Rapidement, il nous a fallu quitter le parc car nous n’avions (évidemment) pas prévu de logement et c’est à notre traditionnelle aire d’autoroute que nous passerons la soirée et la nuit! Il fut décider d’attaquer le lendemain! La météo ne semblait pas menaçante pour un saoul ;-). Le planning était clair: la première journée consistait en une journée “cool” où nous allions grimper les 4 premières longueurs jusqu’à la fameuse Sickle Ledge et ensuite amener le sac jusque là avant de redescendre et passer la nuit au sol. Le 2nd jour, l’idée est de démarrer très tôt en espérant battre la foule et ensuite grimper jusque El Cap Tower (longueur 14), le 3e jour nous réserve de splendides longueurs du King Swing et du “Great Roof” pour nous emmener jusqu’au “Camp V” (longueur 24), le 4e jour devant nous emmener au sommet où nous comptons passer une nuit avant de redescendre le 5e jour! Bref, 5 jours en tout et pour tout! Ce soir-là, outre la préparation de notre spaghet bolo, nous avons préparé notre haulbag et le matériel que nous allions prendre pour ces quelques journées d’ascension. Et là, ce fut un bordel inimaginable… nos 2 voitures étaient pleines à craquer et nous avons tout sortis sur le parking: nourriture, vêtements, sacs de couchage, cordes, matériel d’escalade… et puis, il a fallu faire le choix de ce que nous voulions emporter sur le mur et faire le meilleur compromis possible entre confort et poids à tirer! Alors autant le dire de suite: le confort l’a emporté haut la main! Nous prévoyons 4 repas du soir, 4 midis et 4 ptits dej ! Près de 30 litres d’eau (enfin… d’eau, de boissons sucrées et … avouons-le une petite bouteille de whisky pour se donner du courage :D), nous craquons sur le réchaud, quelques légumes, un nombre impressionnant de barres énergétiques, quelques gels énergétiques aussi… nos sacs de couchage, des vestes! Et voilà! tout cela fait déjà un sacré poids! Le matériel d’escalade est également passé en revue et ensuite, c’est à la belle étoile que nous passerons cette nuit, excités comme jamais par ce qui nous attendait!
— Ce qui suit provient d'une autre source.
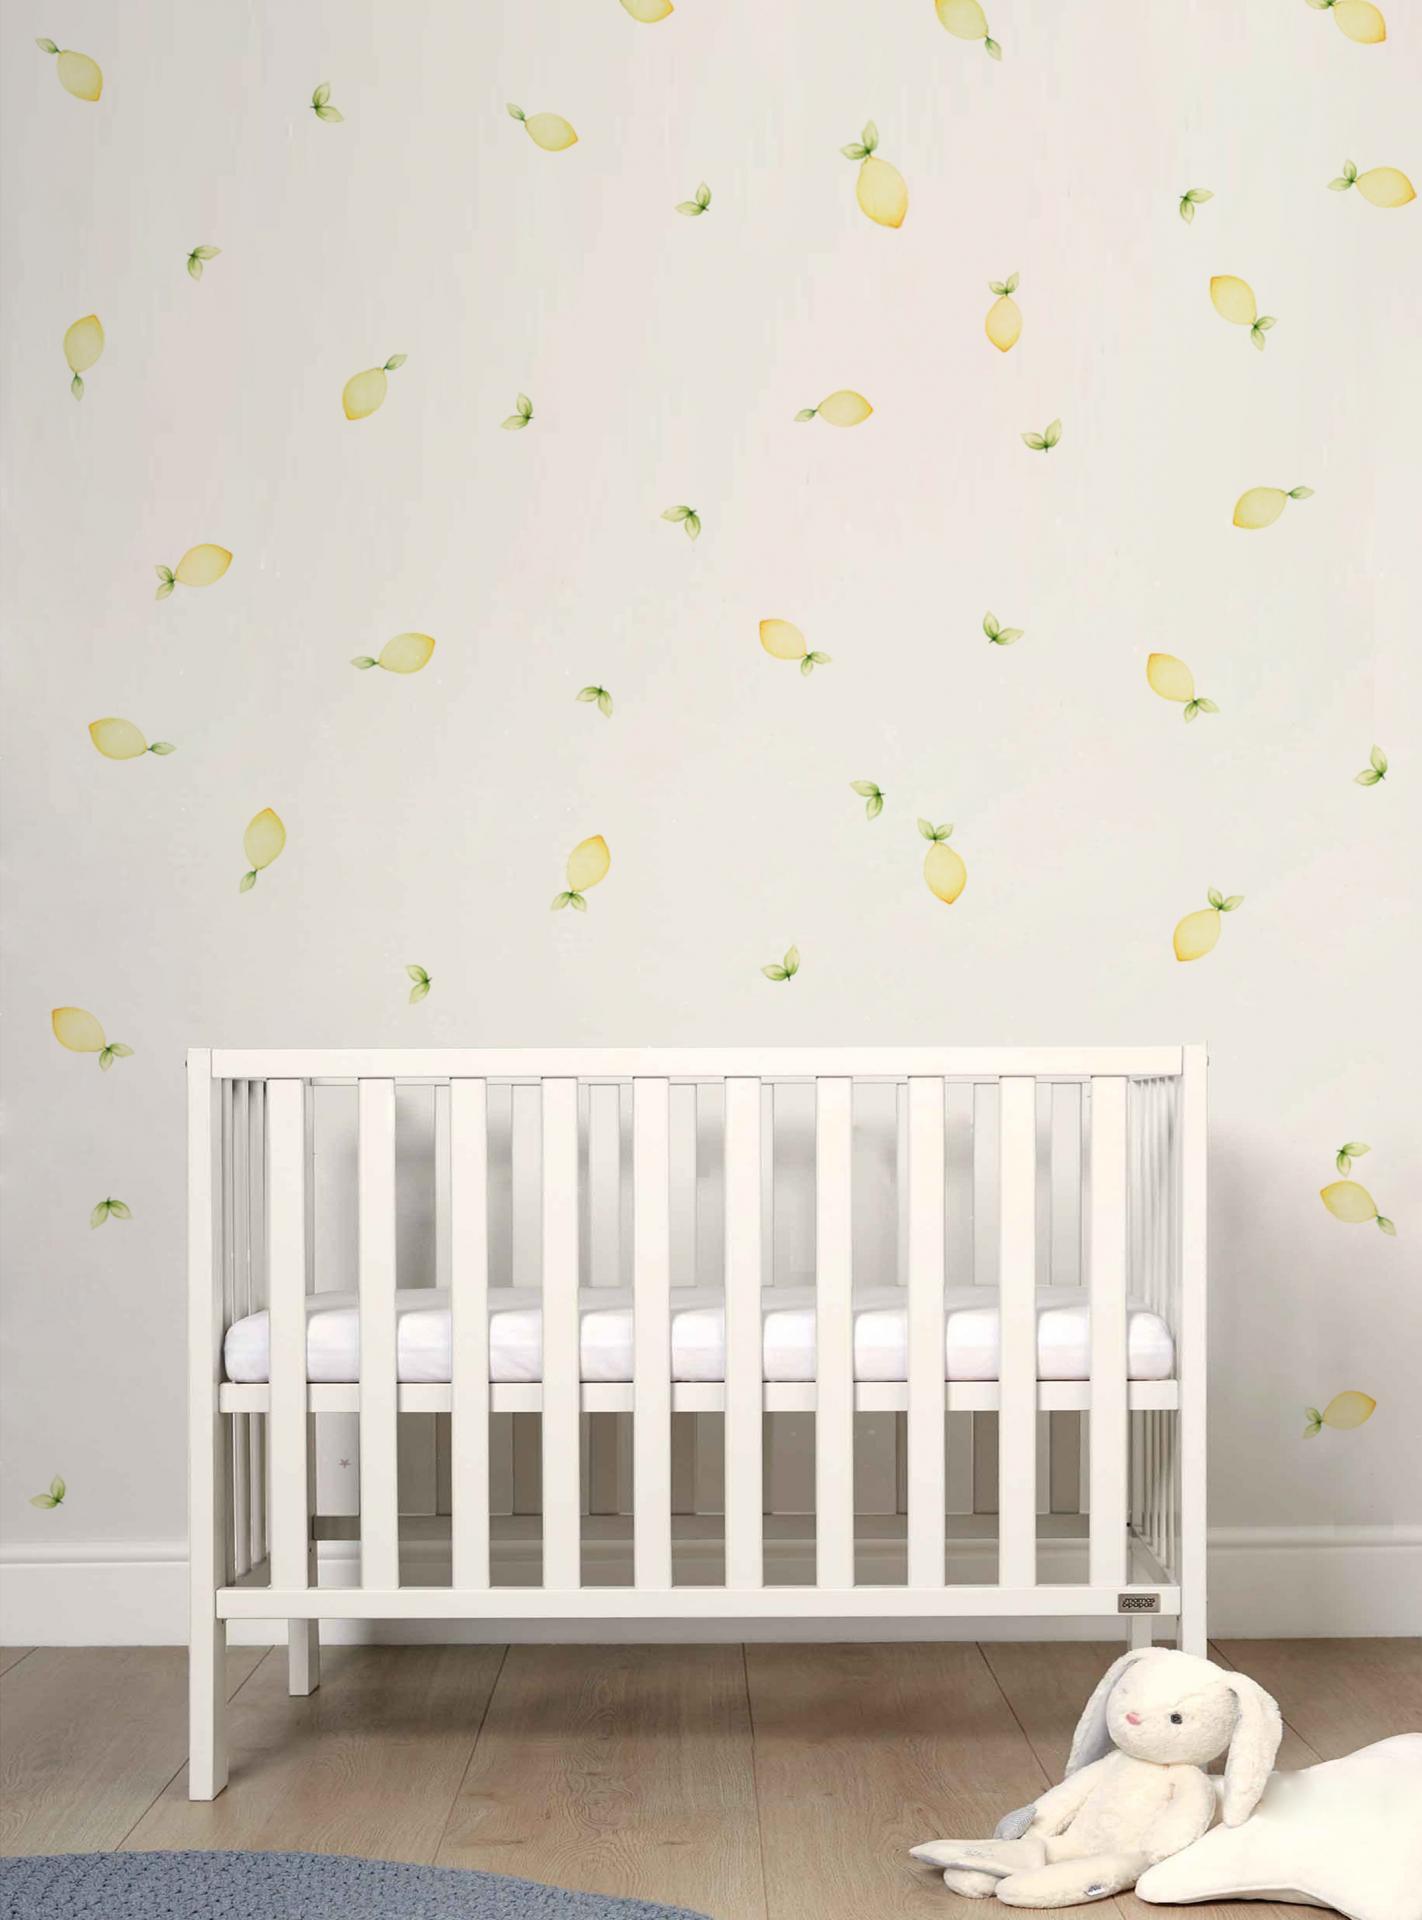 VINILO INFANTIL: limones

Il était “relativement tôt” le lendemain matin quand le réveil sonna… le ptit déj est englouti et c’est vers 8h30 que nous nous préparons à la voiture pour démarrer l’escalade. Pour la première partie de la journée, nous attaquons “léger” avec un ptit sac à dos et 3 cordes à simple qui nous permettront de descendre ensuite jusqu’au sol. C’est presqu’en courant qu’on rejoint le départ de la voie avec un stress en tête: combien de cordées seront devant nous ? Pour information, la veille pas moins de 6 cordées avaient fixé leurs cordes jusque Sickle Ledge et de fait, de grand matin, on peut observer ces cordées qui évoluent dans le bas de la paroi. En ce qui nous concerne: nous sommes les premiers! Il n’est pas loin de 9h et nous en sommes (agréablement, cela va de soi) surpris. Pour atteindre le début de la première longueur, une longue section de classe 4 (escalade très facile) nous attend. Je n’en peux plus et c’est presqu’en courant que je démarre cette longueur avec le sac à dos, une corde sur le dos et sans le moindre coinceur étant donné que c’est censé être un mix de rando/escalade. Mais voilà… dans la précipitation j’ai attaqué un poil trop à droite et je me retrouve dans des mouvements d’escalade pas si évident que cela, en solo, en bottines… un peu de précipitation qui fait que je dois déjà me concentrer et que je ne fais pas le fier! Mais néanmoins cela passe et on se retrouve à pied d’oeuvre au départ de la première longueur… 3 minutes avant une cordée de 2 japonais. Ces 2 japonais, nous savons que nous allons les voir pendant les jours qui suivent… nous faisons donc connaissance… il s’agit de leur seconde tentative d’El Cap: la première ayant échoué la semaine précédente au niveau de El Cap tower car ils ont malencontreusement lâché (et donc perdu) une de leur corde (oui oui, cela peut arriver) ! Mais le japonais a un code de l’honneur qui l’interdit de rentrer au pays sur un échec sous peine de devoir faire Hara Kiri (à la crème) et c’est ainsi qu’ils réattaquent la “bête”. Ils sont tout à fait charmants!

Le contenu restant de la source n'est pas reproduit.